The phrase partisan gerrymandering refers to the practice of drawing electoral district maps with the intention of favoring one political party over another. In contrast with racial gerrymandering, on which the Supreme Court of the United States has issued rulings in the past affirming that such practices violate federal law, the high court had not, as of November 2017, issued a ruling establishing clear precedent on the question of partisan gerrymandering. Although the court has granted in past cases that partisan gerrymandering can violate the United States Constitution, it has never adopted a standard for identifying or measuring partisan gerrymanders. Partisan gerrymandering is described in greater detail in this article.[47][48]

Recent court decisions

See also: Redistricting cases heard by the Supreme Court of the United States

The Supreme Court of the United States has, in recent years, issued several decisions dealing with redistricting policy, including rulings relating to the consideration of race in drawing district maps, the use of total population tallies in apportionment, and the constitutionality of redistricting commissions. The rulings in these cases, which originated in a variety of states, impact redistricting processes across the nation.

For additional background information about these cases, click "[Show more]" below.

Show more

Alexander v. South Carolina State Conference of the NAACP (2024)

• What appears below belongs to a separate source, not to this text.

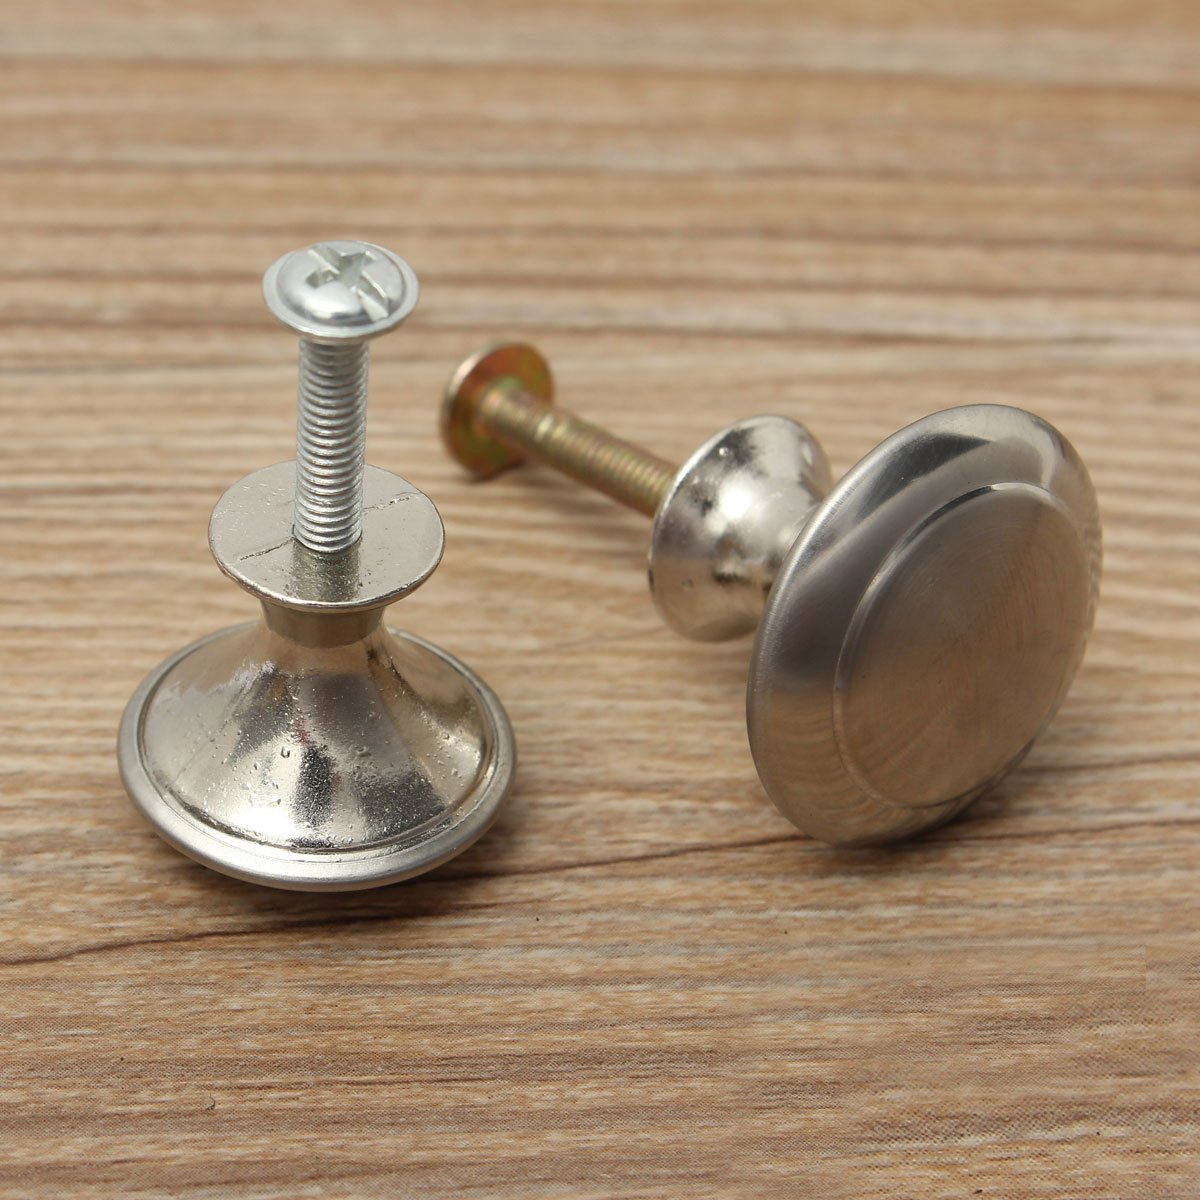 4 Pcs Stainless Steel Satin Nickel Cabinet Round Pull Knobs Hardware W/ Screw 28MM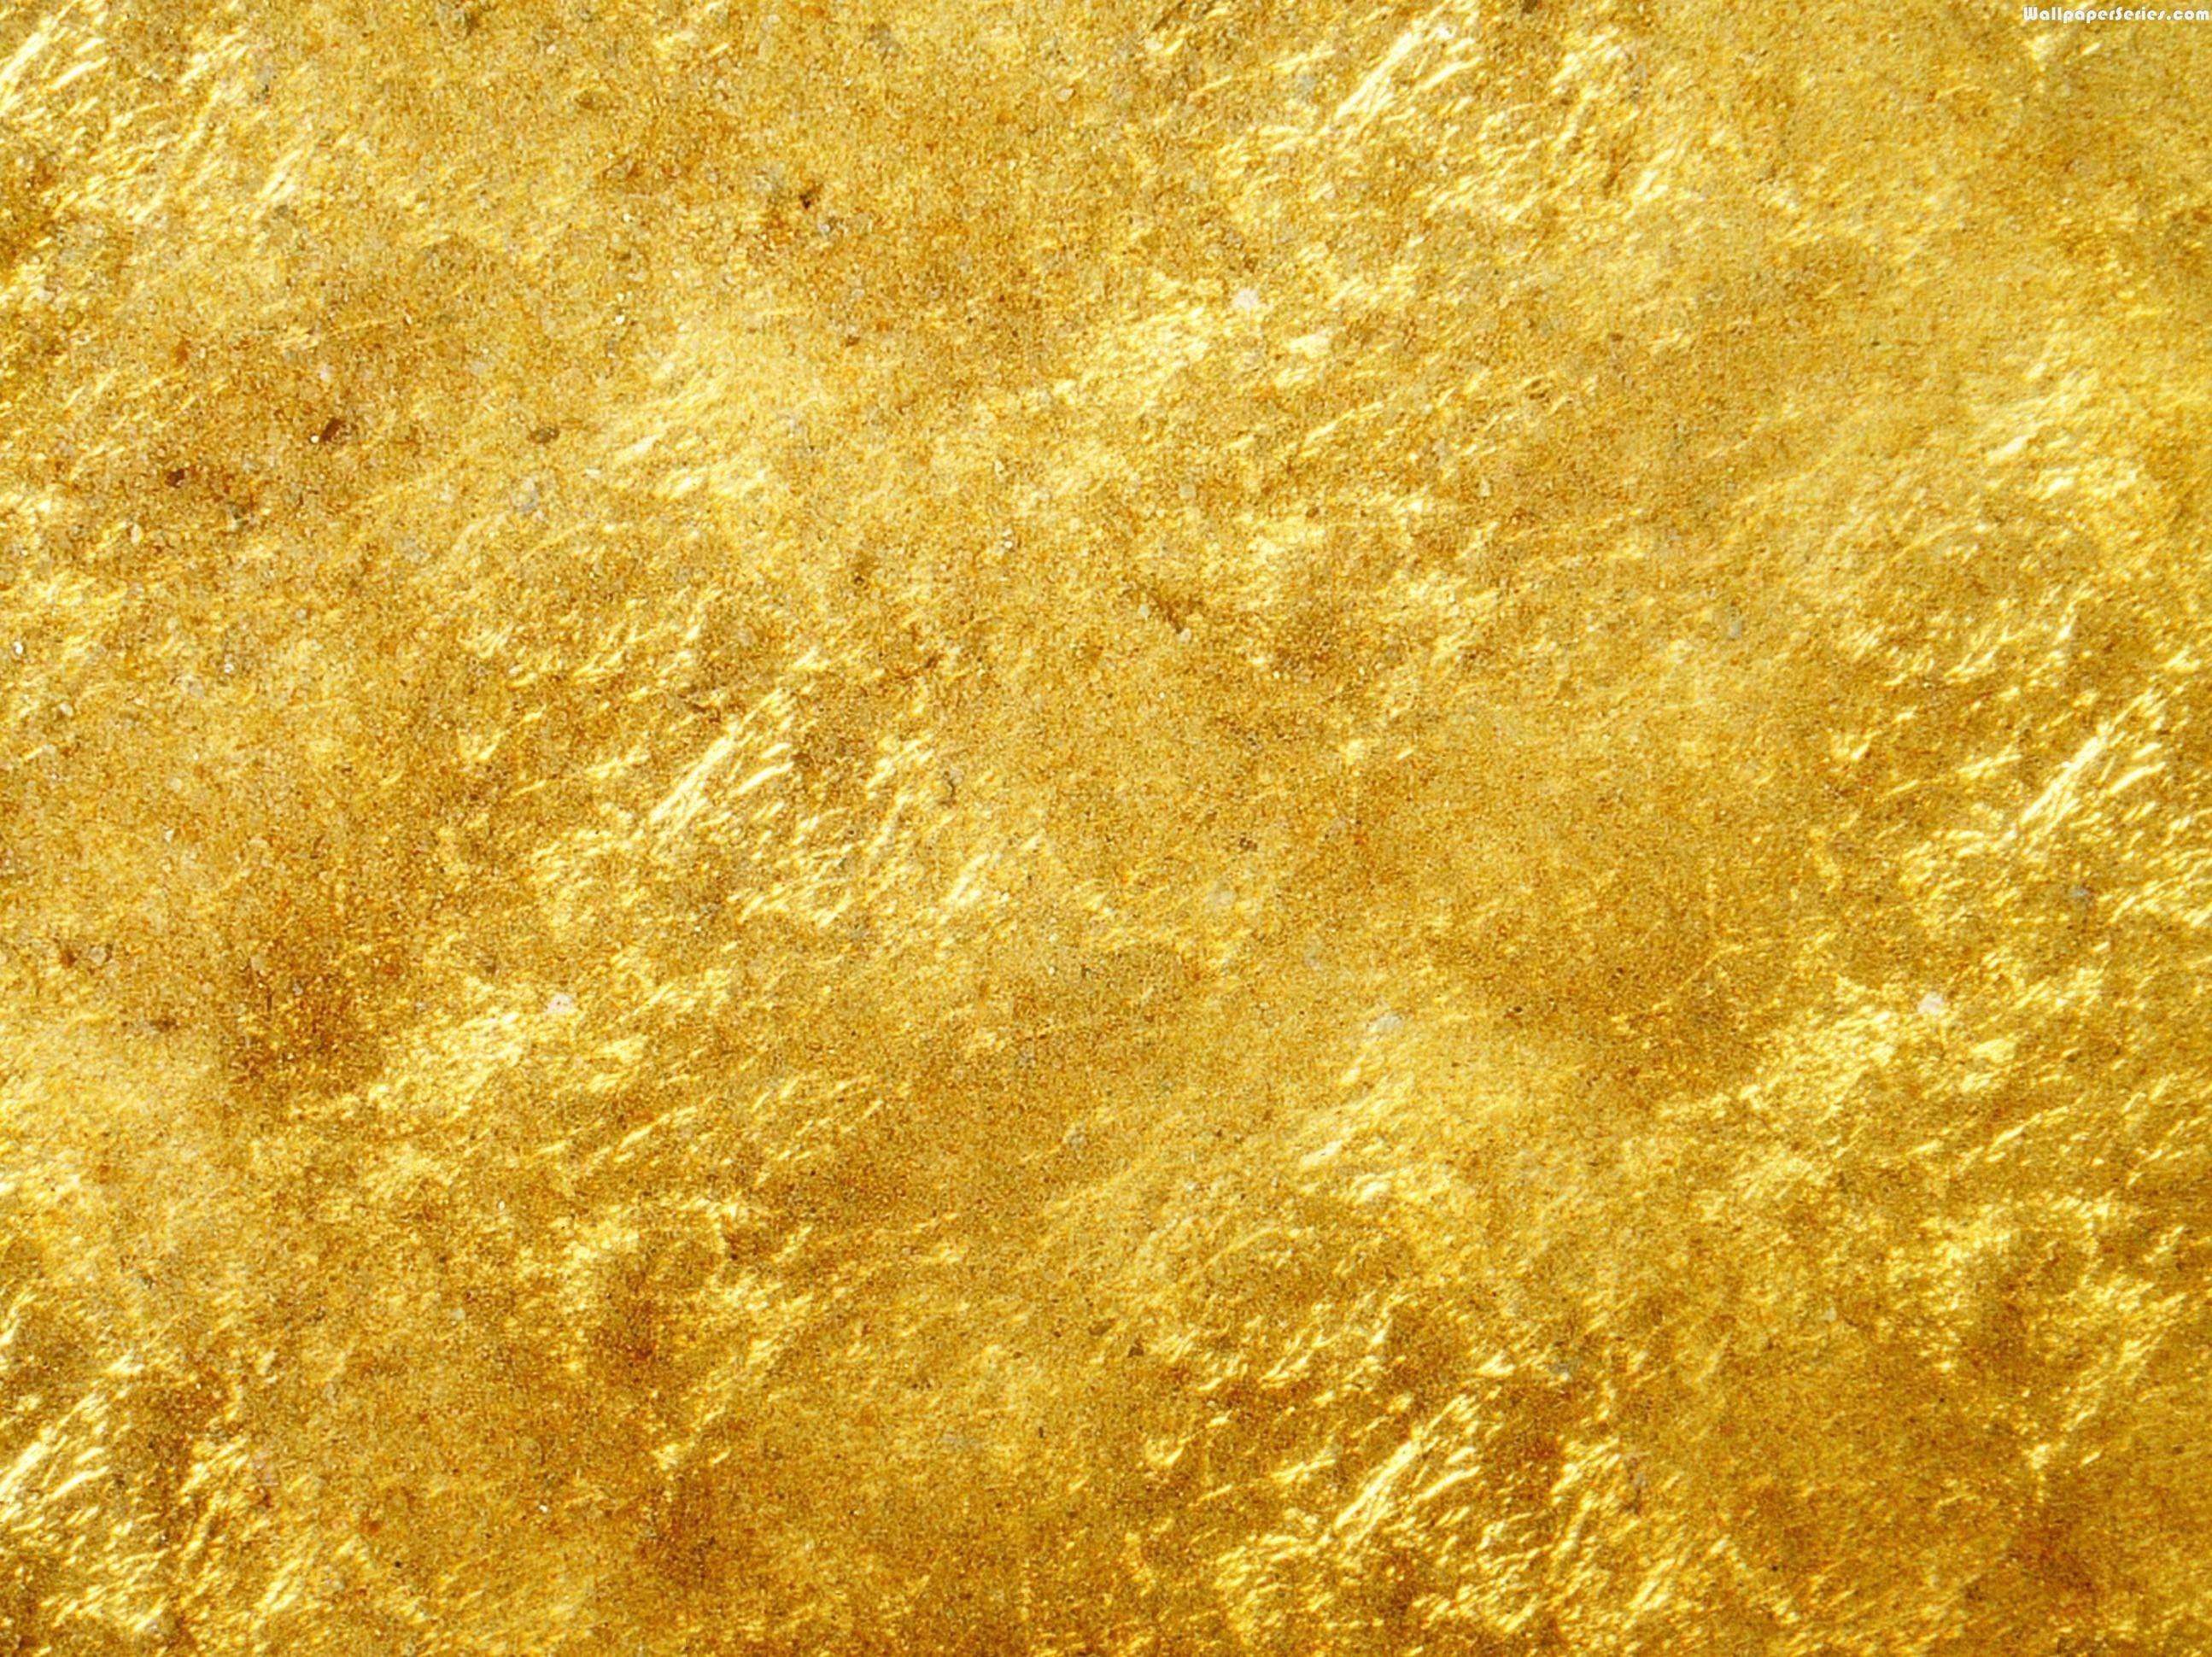 2590×1940, Gold, Texture, Backgrounds, Textures, Wallpaper

See also: Alexander v. South Carolina State Conference of the NAACP

Alexander v. South Carolina State Conference of the NAACP — This case concerns a challenge to the congressional redistricting plan that the South Carolina legislature enacted after the 2020 census. In January 2023, a federal three-judge panel ruled that the state's 1st Congressional District was unconstitutional and enjoined the state from conducting future elections using its district boundaries. The panel's opinion said, "The Court finds that race was the predominant factor motivating the General Assembly’s adoption of Congressional District No. 1...Defendants have made no showing that they had a compelling state interest in the use of race in the design of Congressional District No. 1 and thus cannot survive a strict scrutiny review."[49] Thomas Alexander (R)—in his capacity as South Carolina State Senate president—appealed the federal court's ruling, arguing: :In striking down an isolated portion of South Carolina Congressional District 1 as a racial gerrymander, the panel never even mentioned the presumption of the General Assembly’s “good faith.”...The result is a thinly reasoned order that presumes bad faith, erroneously equates the purported racial effect of a single line in Charleston County with racial predominance across District 1, and is riddled with “legal mistake[s]” that improperly relieved Plaintiffs of their “demanding” burden to prove that race was the “predominant consideration” in District 1.[50] The U.S. Supreme Court scheduled oral argument on this case for October 11, 2023.[51]

Moore v. Harper (2023)

See also: Moore v. Harper

At issue in Moore v. Harper, was whether state legislatures alone are empowered by the Constitution to regulate federal elections without oversight from state courts, which is known as the independent state legislature doctrine. On November 4, 2021, the North Carolina General Assembly adopted a new congressional voting map based on 2020 Census data. The legislature, at that time, was controlled by the Republican Party. In the case Harper v. Hall (2022), a group of Democratic Party-affiliated voters and nonprofit organizations challenged the map in state court, alleging that the new map was a partisan gerrymander that violated the state constitution.[52] On February 14, 2022, the North Carolina Supreme Court ruled that the state could not use the map in the 2022 elections and remanded the case to the trial court for further proceedings. The trial court adopted a new congressional map drawn by three court-appointed experts. The United States Supreme Court affirmed the North Carolina Supreme Court's original decision in Moore v. Harper that the state's congressional district map violated state law. In a 6-3 decision, Chief Justice John Roberts wrote that the "Elections Clause does not vest exclusive and independent authority in state legislatures to set the rules regarding federal elections.[53]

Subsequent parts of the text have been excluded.